The Rules of Professional Conduct do not expressly address charging liens. The availability of a charging lien is determined by North Carolina common law. Nonetheless, a lawyer violates the Rules of Professional Conduct by asserting a charging lien or representing that a charging lien exists when such a lien is not permitted under North Carolina law. See Rule 1.5(a) (lawyer may not charge or collect an illegal fee). This issue most often arises when a lawyer who was discharged from a personal injury case prior to settlement notifies the tortfeasor’s insurance carrier that it must satisfy the lawyer’s lien when it settles the former client’s claim.
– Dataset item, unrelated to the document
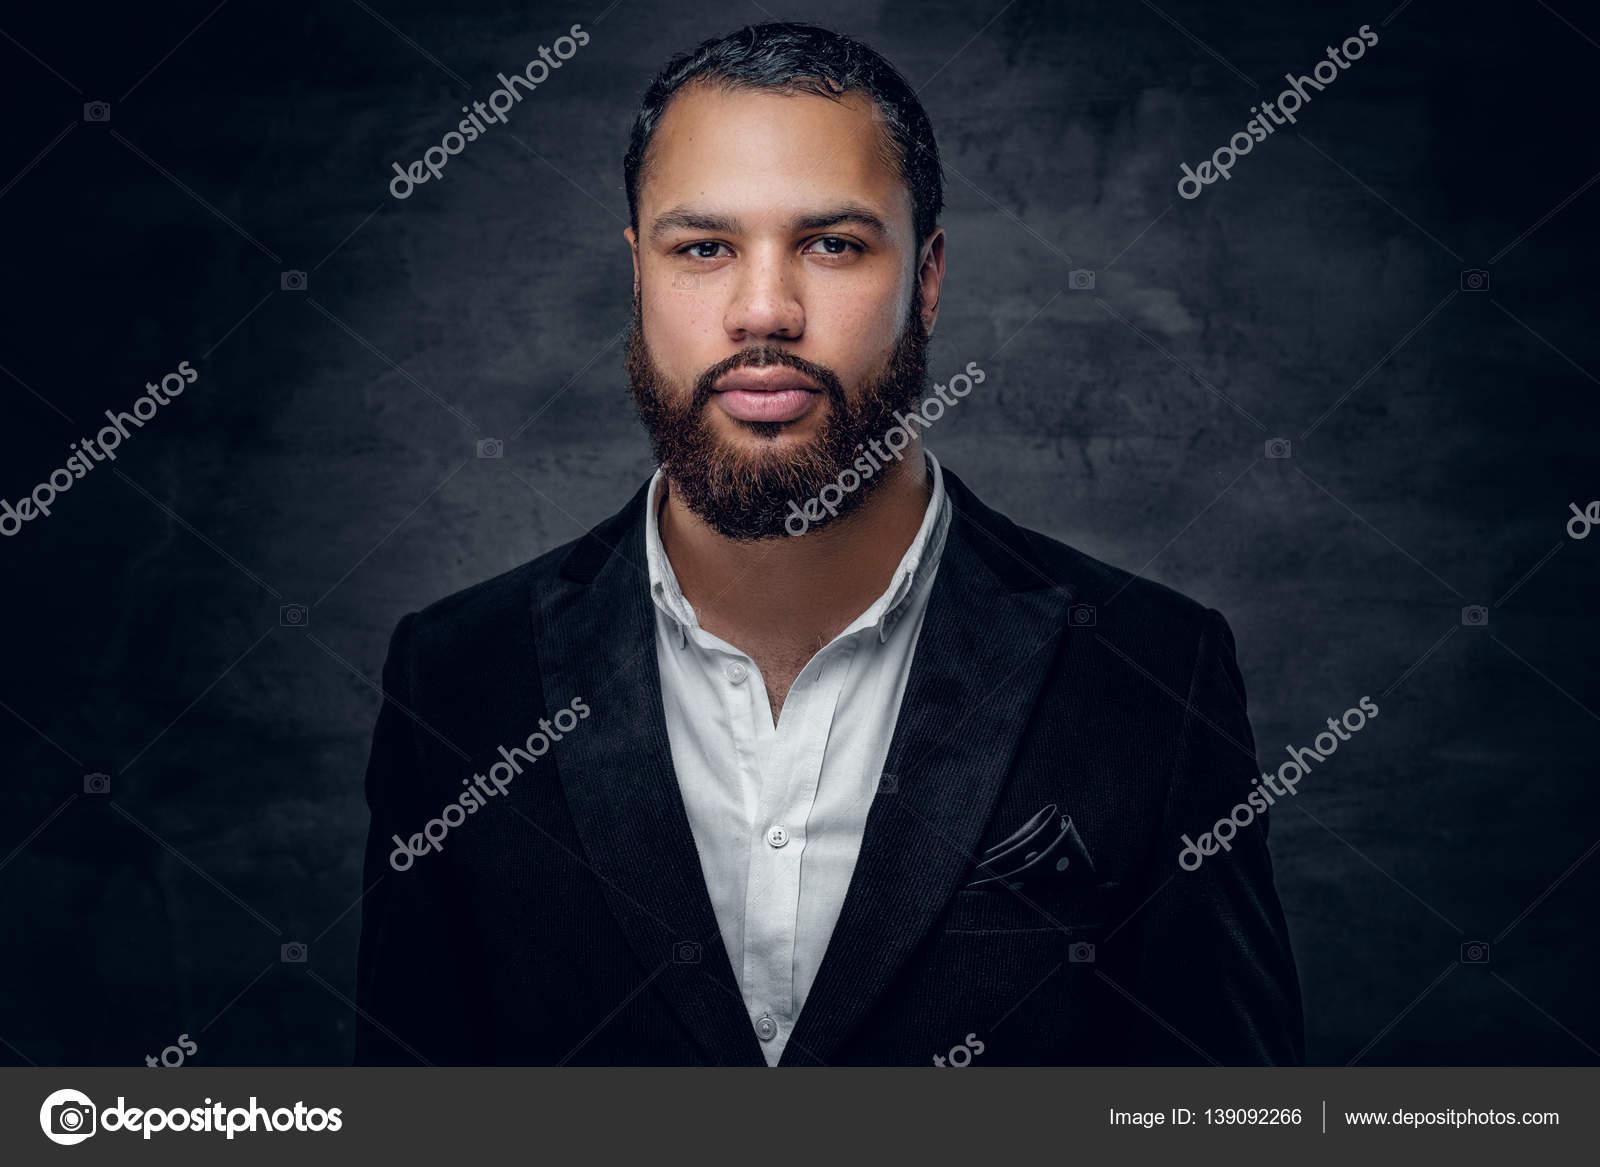 Homme En Africain Homme En Veste Noire Noire Africain Veste Homme rArxq01w
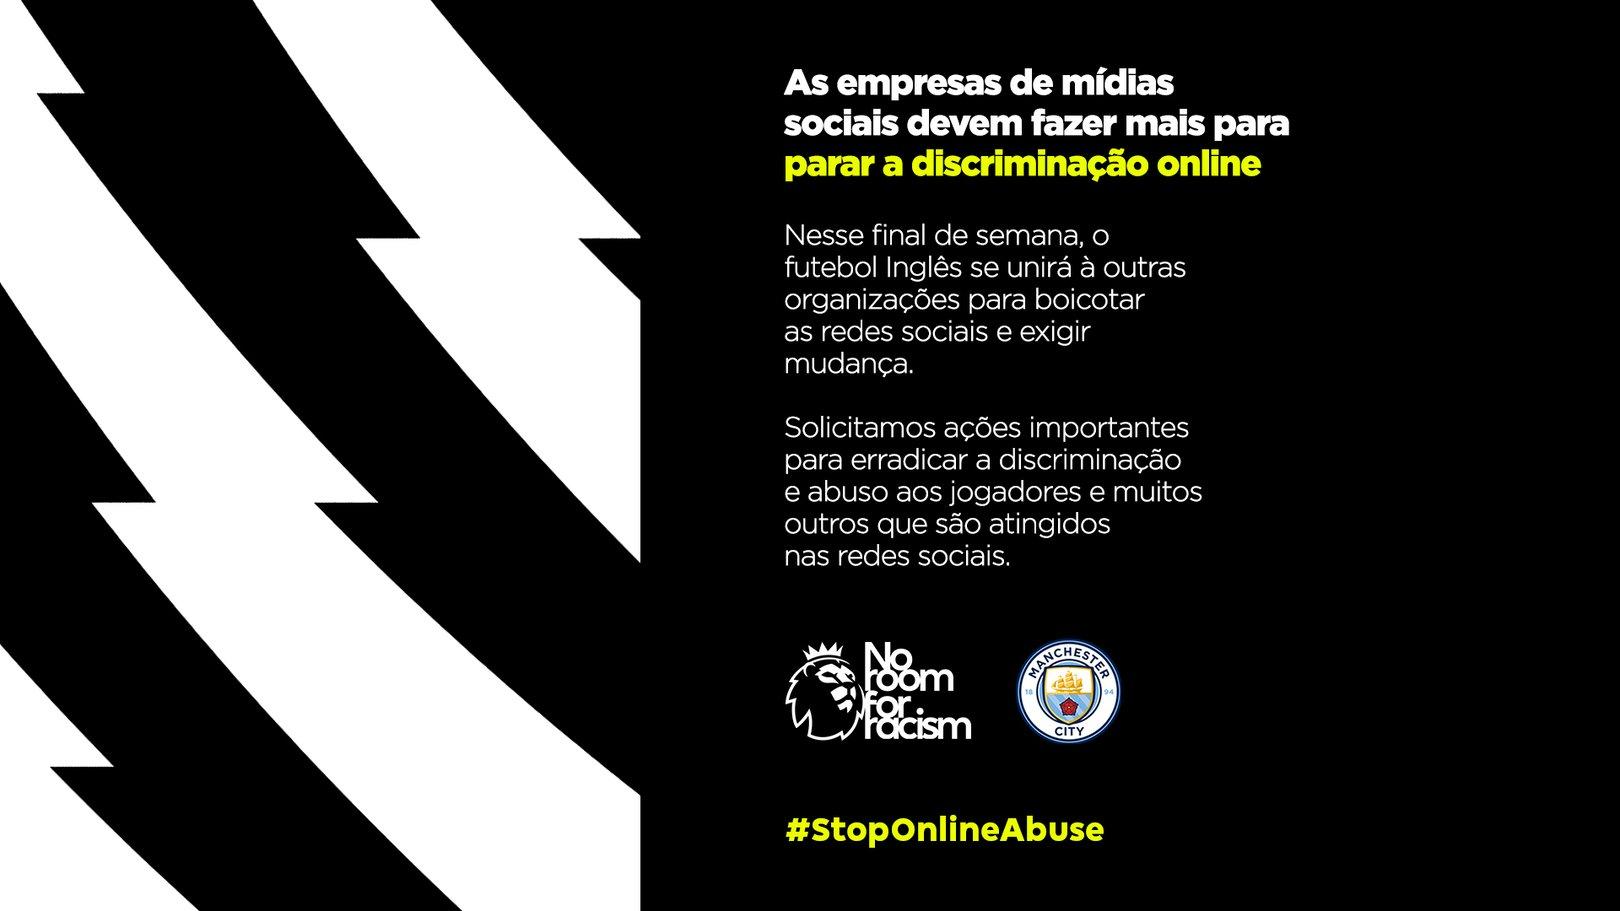 Unindo forças para exigir mudanças antes do boicote nas redes sociais

The lawyer’s representation that a lien exists is false and misleading in violation of Rule 4.1. Asserting a lien typically delays or complicates settlement of the former client’s claim in violation of the lawyer’s duty under Rule 1.16(d) to assist the former client upon termination of the client-lawyer relationship. In asserting a lien that is not allowed by law,2 the lawyer uses information obtained during the client-lawyer relationship, including the existence of the former client’s claim and the identity of the tortfeasor’s insurance carrier, to the disadvantage of the former client in violation of Rule 1.9(c).
Even when a lawyer does not actually assert an unauthorized charging lien, the lawyer may run afoul of the Rules by inaccurately characterizing his or her right to a lien in the fee agreement. It is permissible to discuss charging liens in a fee agreement, but the reference thereto must explain the limited circumstances under which the lawyer is legally authorized to assert such a lien. It is false and misleading in violation of Rule 1.5(a) and Rule 4.1 for a fee agreement to state that, if discharged prior to the conclusion of the case, the lawyer will have a lien against any subsequent recovery by the client. In addition, this type of inaccurate blanket assertion has a chilling effect on a client’s right to terminate the relationship before the case is resolved, and thereby compromises a client’s right to be represented by whom the client pleases.
Lawyers must be honest and candid about not only their clients’ rights, but also their own. A lawyer—even one left uncompensated for legal work—may not misrepresent the law, including the law of North Carolina that strictly limits the lawyer’s right to assert a charging lien. n
Carmen Hoyme is deputy counsel at the North Carolina State Bar.
1. In the absence of clarification from the courts, an “entry” of settlement requires the execution of a release by the client and the filing of a voluntary dismissal with prejudice. In practice, the final accounting for the client’s funds, see Rule 1.15-3(d), prepared by the lawyer concluding the matter, generally is signed by the client at the time the release is executed. The final accounting should note a fee disbursement to the lawyer who concluded the matter and the client’s consent thereto.
2. Rule 1.6(b)(6) allows a lawyer to disclose confidential client information as reasonably necessary “to establish a claim or defense on behalf of the lawyer in a controversy between the lawyer and the client.” However, assertion of a lien claim, when none is allowed by law, does not fall within this exception to the duty of confidentiality.